To establish the timing of GA5 export from the leaf blade and of import of the intact (unmetabolized) molecule into the shoot apex, we applied either GA5 or [2H4] GA5 to the leaf. Varying the time of removal of the GA5-treated leaf blade showed that for flowering, export from the treated blade had begun by 30 h from the start of the LD and approached completion by 48 h (Fig. 6). A matching export profile was obtained when stem length was measured on the same plants (not shown). In parallel treatments but involving [2H4] GA5 applied to the leaf blade, its arrival at the shoot apex reached a peak at 48 h (Fig. 6). We refer to this peak time because assay sensitivity becomes a problem in defining the threshold for [2H4] GA5 arrival at the apex. Nevertheless, the match in time between apex arrival of [2H4] GA5 and leaf export of GA5 indicates probable physiological relevance. We detected no [2H4] GA6 at the apex although it is a logical metabolite of [2H4] GA5. Thus, when applied, GA5 can be transported from the leaf to the apex within 1 to 2 d and without chemical alteration.
Figure 6.
Timing of GA5 export from a treated leaf to the shoot apex as shown either by increase in the floral response of the shoot apex with increasing time until removal of the GA-treated leaf blade, or by arrival at the shoot apex of [2H4] GA5 following its application to the leaf. In both treatments, a dose of 25 μg of GA was applied to the leaf blade 6 h after the start of the main light period prior to the single LD extension. Values for floral apex length are the means and se. Plants not treated with GA5 flowered to the same extent as those with the treated leaf removed at the start. There was only a trace of [2H4] GA5 detected at the apex after 24 h, but it is shown in brackets because there was uncertainty about quantitation of the gas chromatography (GC)-MS peak for the [2H2] GA5 internal standard.

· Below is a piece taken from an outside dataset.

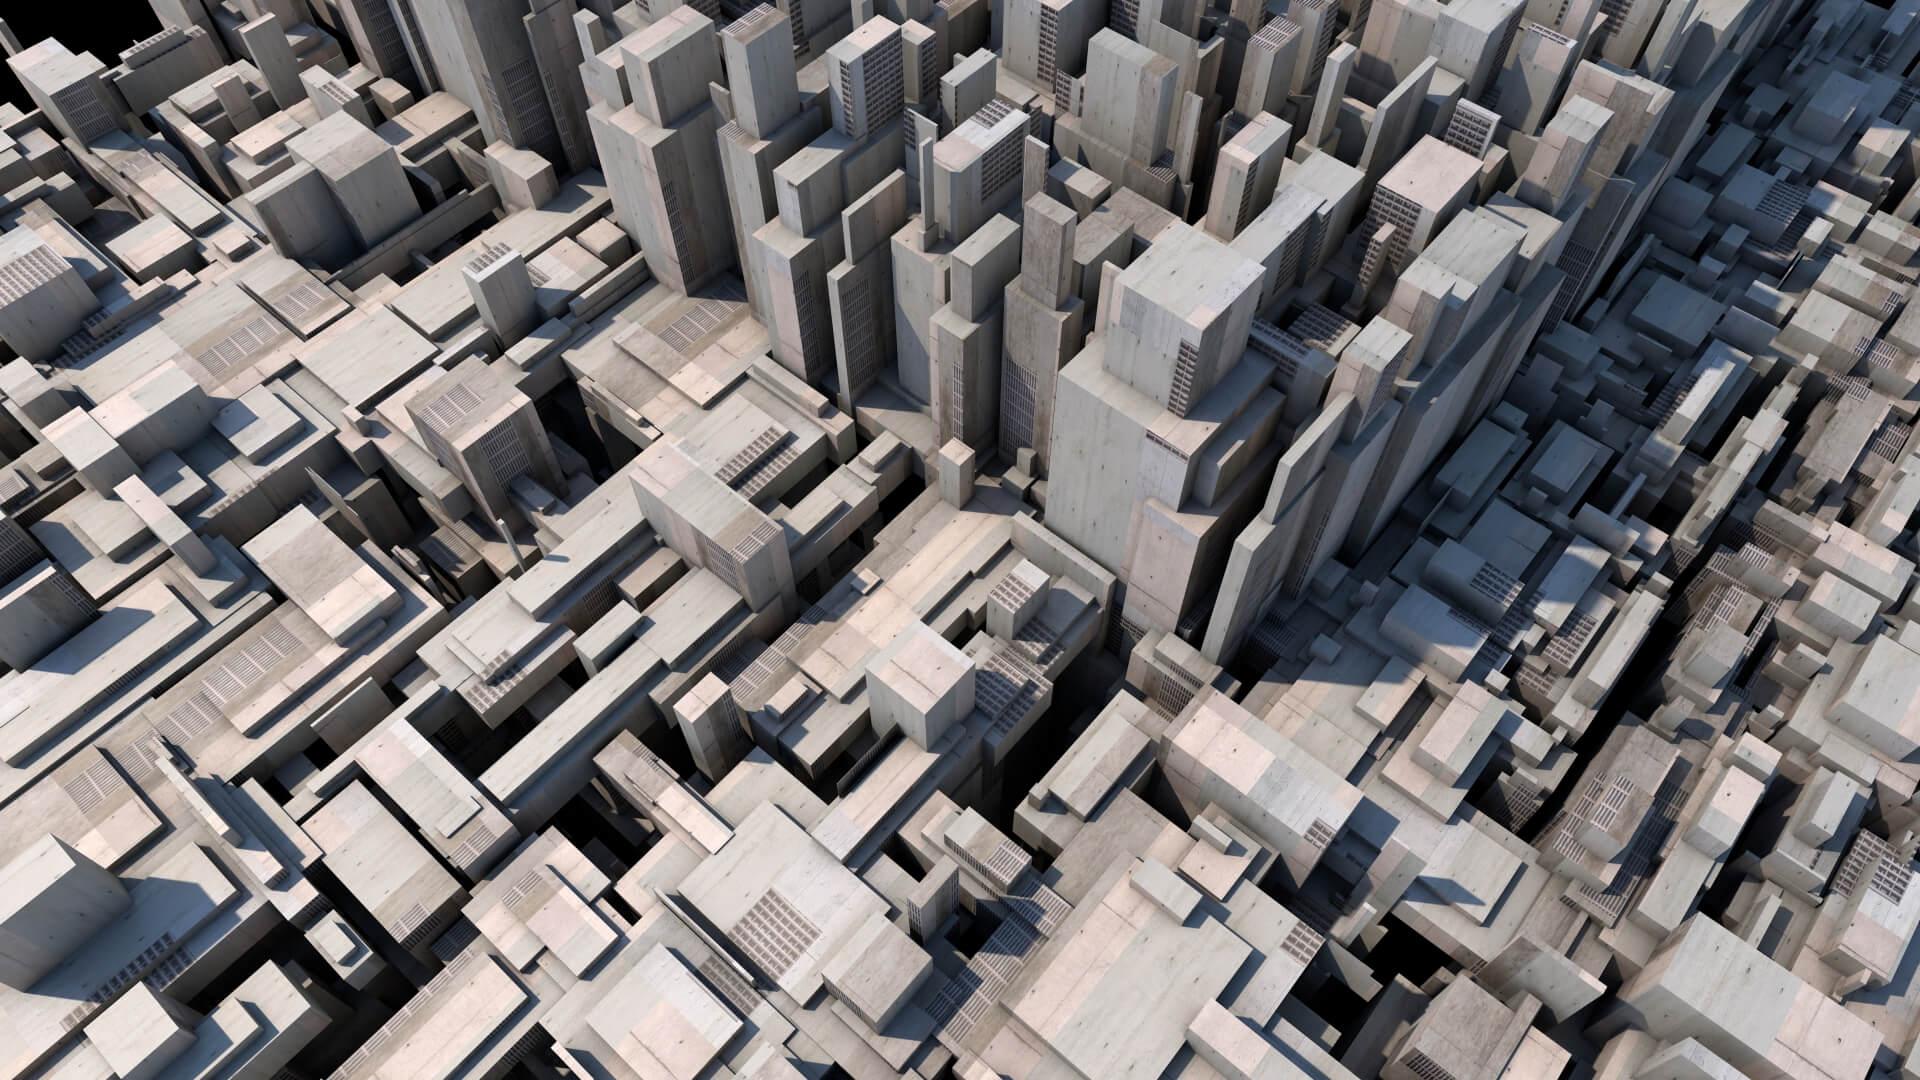 3Dで作成された街並みの画像

The kinetics of [2H4] GA5 import by the apex cannot be used to determine the relationship between applied GA5 and flowering response. However, we could ascertain if there was such a relationship by varying the amount of [2H4] GA5 applied to the leaf. As shown in Table I, based on the one study we performed, there was a reasonable correlation between the amount of [2H4] GA5 at the shoot apex after 48 h and the flowering response after 21 d (r = 0.92; n = 4). Given the lesser amount of endogenous GA5 than [2H4] GA5 in the apex, there was apparently a distinction between the physiologically active and total pools of GA5 and [2H4] GA5.
Table I.
Effect on apex GA content and on flowering of various doses of [2H4] GA5 applied once to the leaf blade 6 h after the start of a LD exposure
| [2H4] GA5 Applied to the Leaf | [2H4] GA5 Detected at the Apex | Flowering Response (Shoot Apex Length) |
|---|---|---|
| μg | pg | mm |
| 0 | 0 | 2.69 ± 0.07 |
| 1 | 2.3 | 2.73 ± 0.16 |
| 5 | 6.5 | 2.98 ± 0.21 |
| 25 | 9.5 | 3.85 ± 0.43 |
The apex was harvested 48 h later.
A separate issue is that only 9.5 pg of the 25 μg of [2H4] GA5 applied to the leaf had reached the shoot apex 48 h later (Table I, Fig. 6), i.e. less than one part in 1 million applied. Such limited import agrees with our earlier studies in which comparable low proportions of leaf-applied radiolabeled sulfate or phosphate reached the shoot apex (Evans and Rijven, 1967). Such limited import no doubt reflects the minute size of the shoot apex as well as potential for compartmentalization and metabolism of a compound during its uptake and transport.
DISCUSSION
GAs as LD Floral Stimuli
We have detected a number of GAs in the minute shoot apex (about 5 μg dry weight) of the grass L. temulentum and established that a florally inductive LD leads to an early doubling in GA5 levels and, several days later, to large increases in GA1 and GA4.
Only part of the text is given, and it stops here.